TWO FACES OF FARMING IN MIDDLESEX

Pinner Local History Society (this year celebrating its 10th birth­day) recently produced a booklet, “A Pinner Miscellany.” It gathers to­gether various research done by the Society in the last few years.

The booklet opens with a paper on 19c farming in Pinner. It quotes ‘ from John Middleton’s View of the Agriculture of Middlesex, published 1797, which took a poor view of Pinner farmers. “They seldom if ever plough their fields more than once,” it says, “and for want of so doing, they rarely obtain a good sweet tilth to sow their wheat in and they do not cut water furrows sufficiently across heavy clay lands to take the water off.”

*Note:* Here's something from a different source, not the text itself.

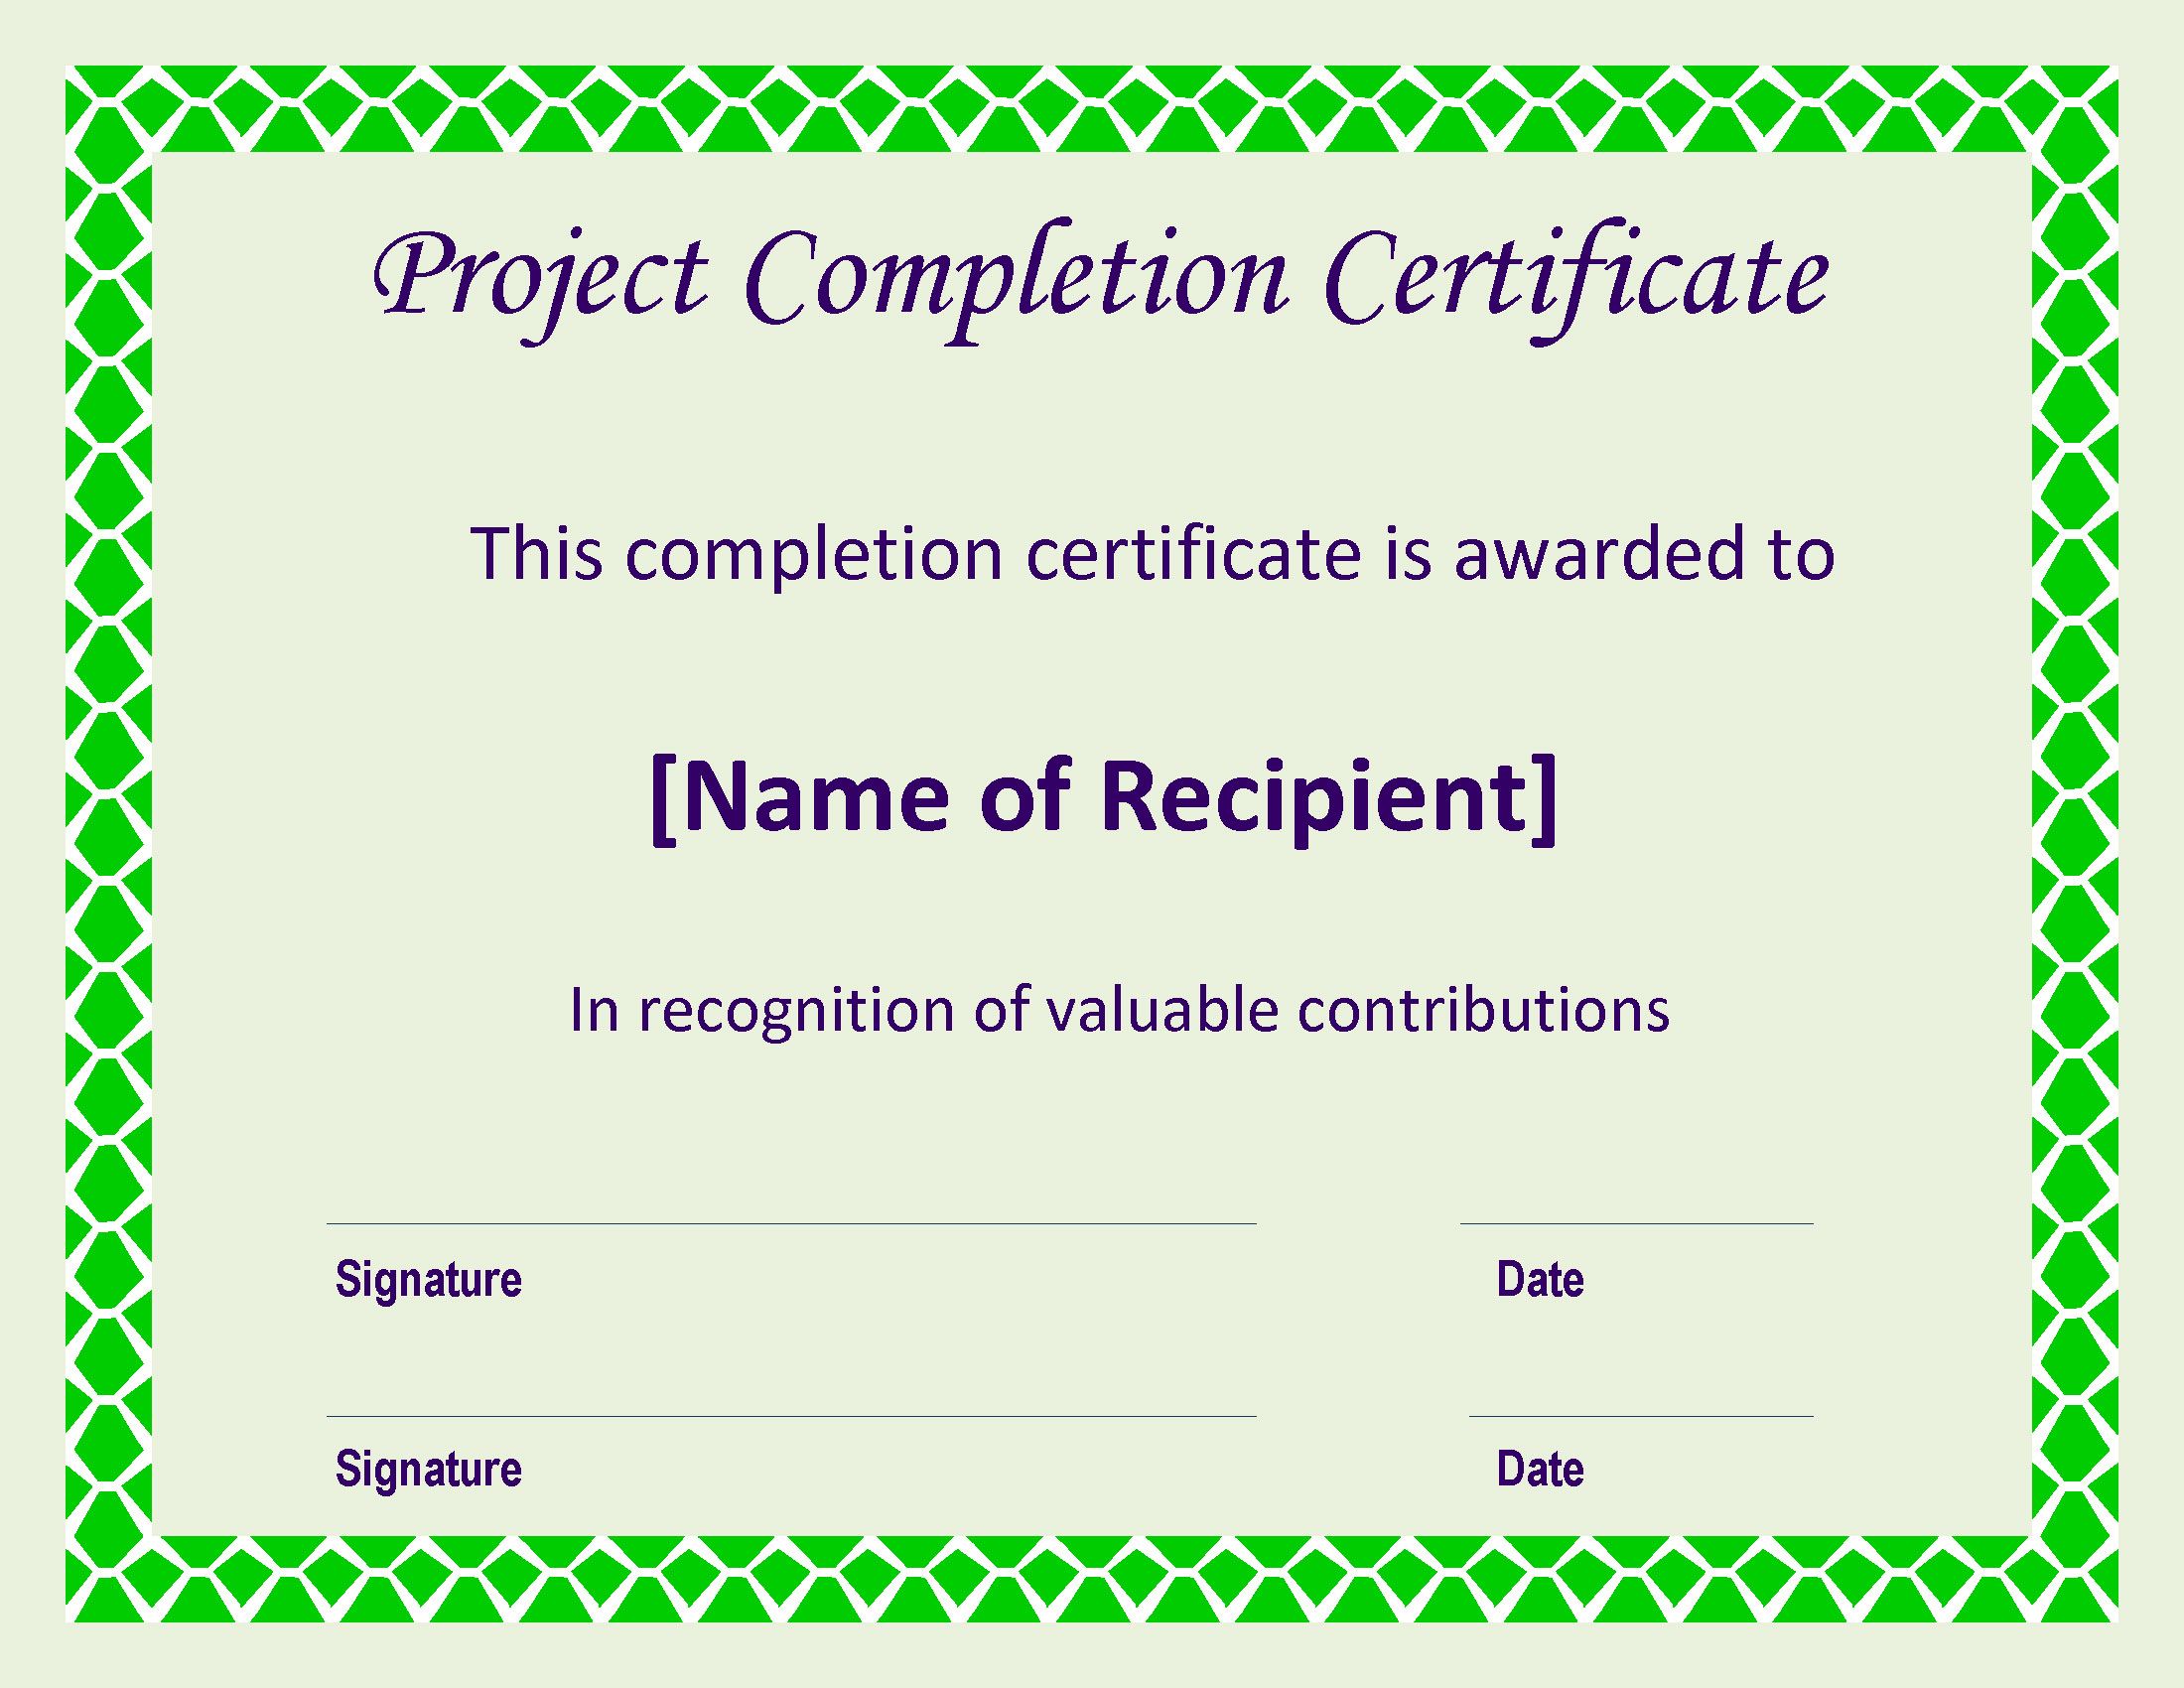 Certificate of Completion project main image

Middleton painted a very different picture of Hendon farmers (also in the View of-Agriculture, though this is not quoted in the Pinner book). Of them he says “farmers in the parish of Hendon and its environs manage their compost heaps best in the kingdom. They make it as fine as ashes, by which means they are enabled to put it on their land at most times of the year; the first shower of rain is sure to carry it down to the roots of the grass.” It goes to show that farming could differ within 6 or miles.

Pinner Miscellany is a good buy. It has closely researched histories of two Pinner houses – Pinner Hill and Pinner Park – illustrated with maps and diagrams, plus a report on site watching and. excavation behind Pinner High Street. Price £1.20p, post 35p, from Pinner Local History Society, 121 Eastcote Rd, Pinner, Middx HA5 lET.

PRE-DOMESDAY FILM…, on the Borough of Barnet’s early history is being made. by Steve Herman for Barnet Libraries and the Greater London Arts Association.’ The half-hour colour video production, primarily for-local distribution, will outline the story of the area through prehistoric, Roman and Saxon times. It will include aerial sequences.

It is hoped to start filming at the end of August. Steve Herman would actively welcome the help and participation of HADAS members, so if you are interested, contact him on 836 5391.